▸ Material supplied:
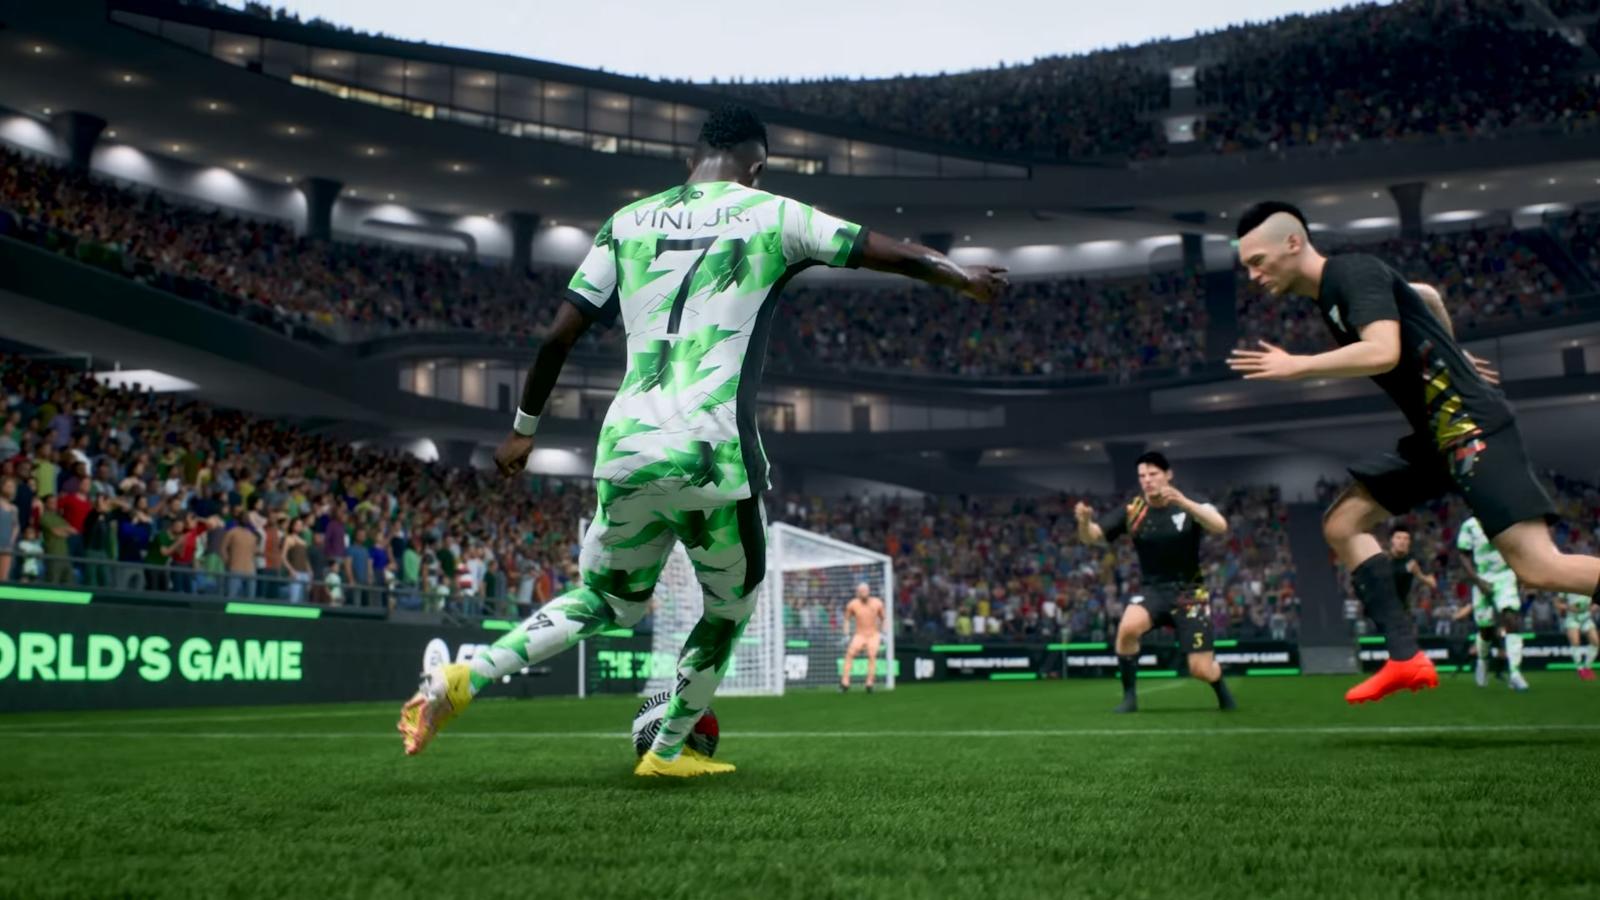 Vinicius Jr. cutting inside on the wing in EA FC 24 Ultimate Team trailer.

--

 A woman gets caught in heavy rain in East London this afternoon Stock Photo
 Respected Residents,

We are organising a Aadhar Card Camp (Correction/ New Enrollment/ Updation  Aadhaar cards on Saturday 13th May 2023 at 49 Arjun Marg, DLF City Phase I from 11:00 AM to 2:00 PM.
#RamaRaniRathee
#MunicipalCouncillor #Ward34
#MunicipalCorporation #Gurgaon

---

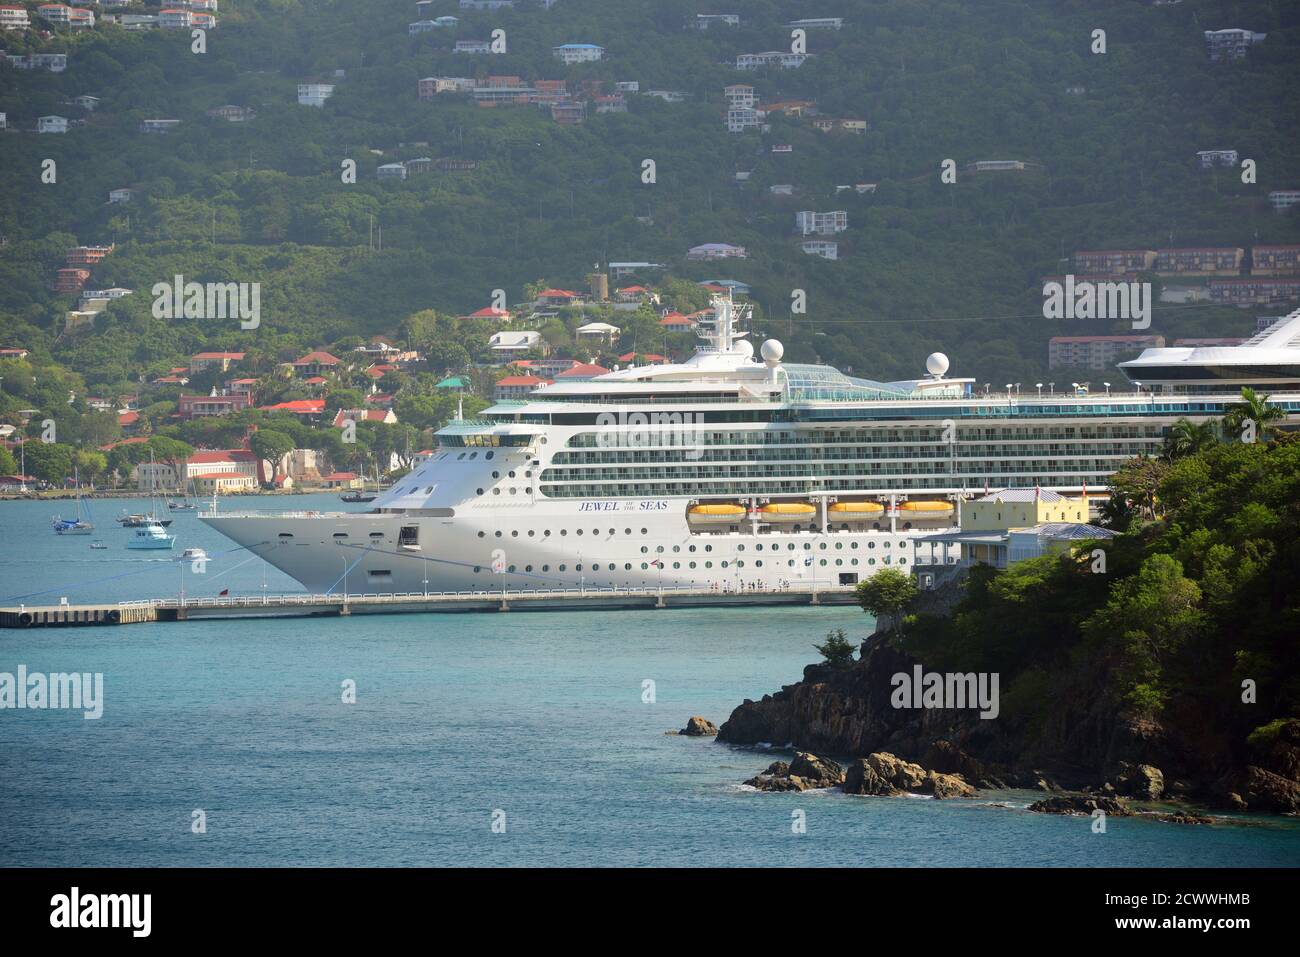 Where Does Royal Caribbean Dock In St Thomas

▸ Aim of the task: The lines above, starting at the one with "We are organising" and ending at the one with "#MunicipalCorporation #Gurgaon", are the only ones to return, exactly as written.

▸ Output of the exercise:
We are organising a Aadhar Card Camp (Correction/ New Enrollment/ Updation  Aadhaar cards on Saturday 13th May 2023 at 49 Arjun Marg, DLF City Phase I from 11:00 AM to 2:00 PM.
#RamaRaniRathee
#MunicipalCouncillor #Ward34
#MunicipalCorporation #Gurgaon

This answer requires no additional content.